IO functions¶

There functions for reading and writing input and output files (see e.g., calorine.io.convert_gpumd_run_to_traj(), calorine.io.read_xyz(), calorine.io.write_xyz()). There are also functions for reading individual kappa.out and thermo.out files (calorine.io.read_kappa() and calorine.io.read_thermo()), series of those files (calorine.io.read_kappas() and calorine.io.read_thermos()) as well as configuration files (calorine.io.read_settings()).

Thermal conductivity runs¶

When organizing results from many thermal conductivity runs it is recommended to use ASE databases. calorine provides specific functions for this purpose (calorine.io.update_database() and calorine.io.read_from_database()). For these functions to operate smoothly the GPUMD runs ought to be organized in a directory structured as follows:

<runpath>
├── xyz.in
├── run.in
├── 01
│   ├── kappa.out
│   └── thermo.out
├── 02
│   ├── kappa.out
│   └── thermo.out
├── 03
│   ├── kappa.out
│   └── thermo.out
⋮

The subdirectory names (01, 02 … in the example above) are imaterial. Alternatively one can also read the settings from a Python module (named config) instead of the GPUMD configuration file (named run.in).

The calorine.io.update_database() function parses such a directory structure and turns it into a database entry:

index = update_database('runs.db', 'gpumd_runs/T300')

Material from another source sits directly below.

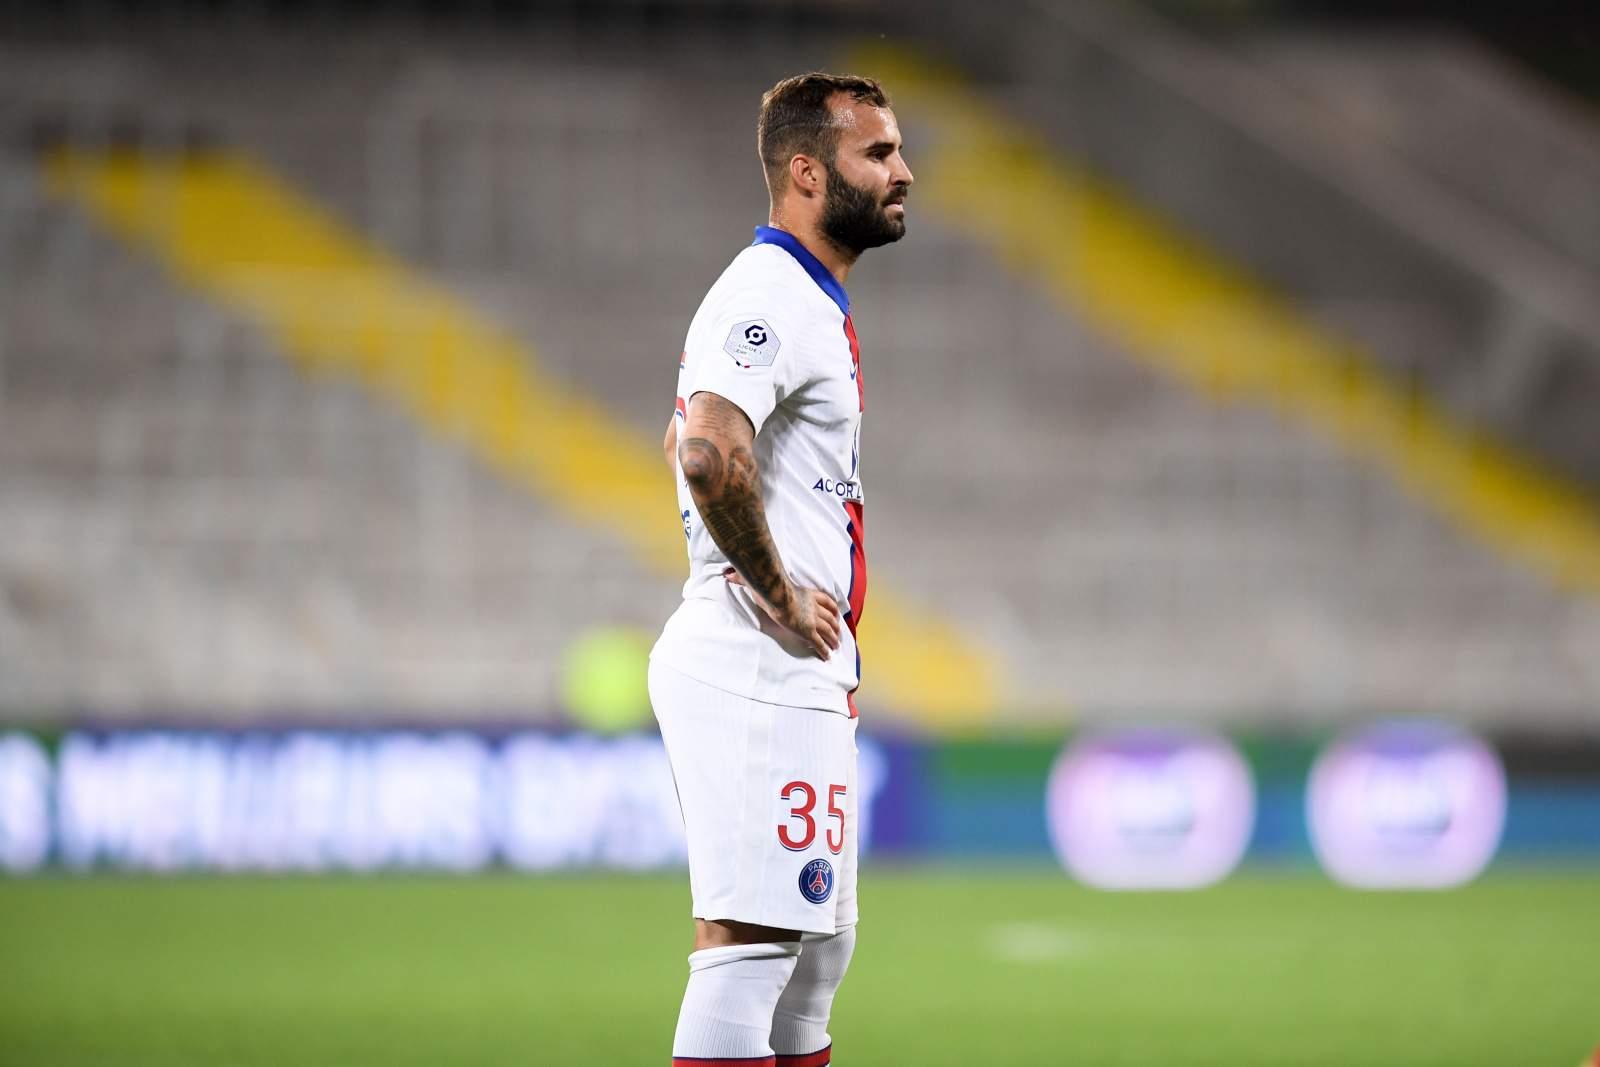 Хесе может перейти в «Фенербахче», недавно он расторг контракт с «ПСЖ»

The entry can be subsequently read and unpacked using the calorine.io.read_from_database() function as follows:

db = connect('runs.db')
row = db.get(id=1)
settings, kappas, thermos = read_from_database(row)

Module¶

calorine.io.read_hac(filename)[source]¶

Parses a file in hac.out format from GPUMD and returns the content as a data frame. More information concerning file format, content and units can be found at https://gpumd.zheyongfan.org/index.php/The_hac.out_output_file.

Parameters: filename (str) – input file name
Return type: DataFrame

calorine.io.read_kappa(filename)[source]¶

Parses a file in kappa.out format from GPUMD and returns the content as a data frame. More information concerning file format, content and units can be found at https://gpumd.zheyongfan.org/index.php/The_kappa.out_output_file.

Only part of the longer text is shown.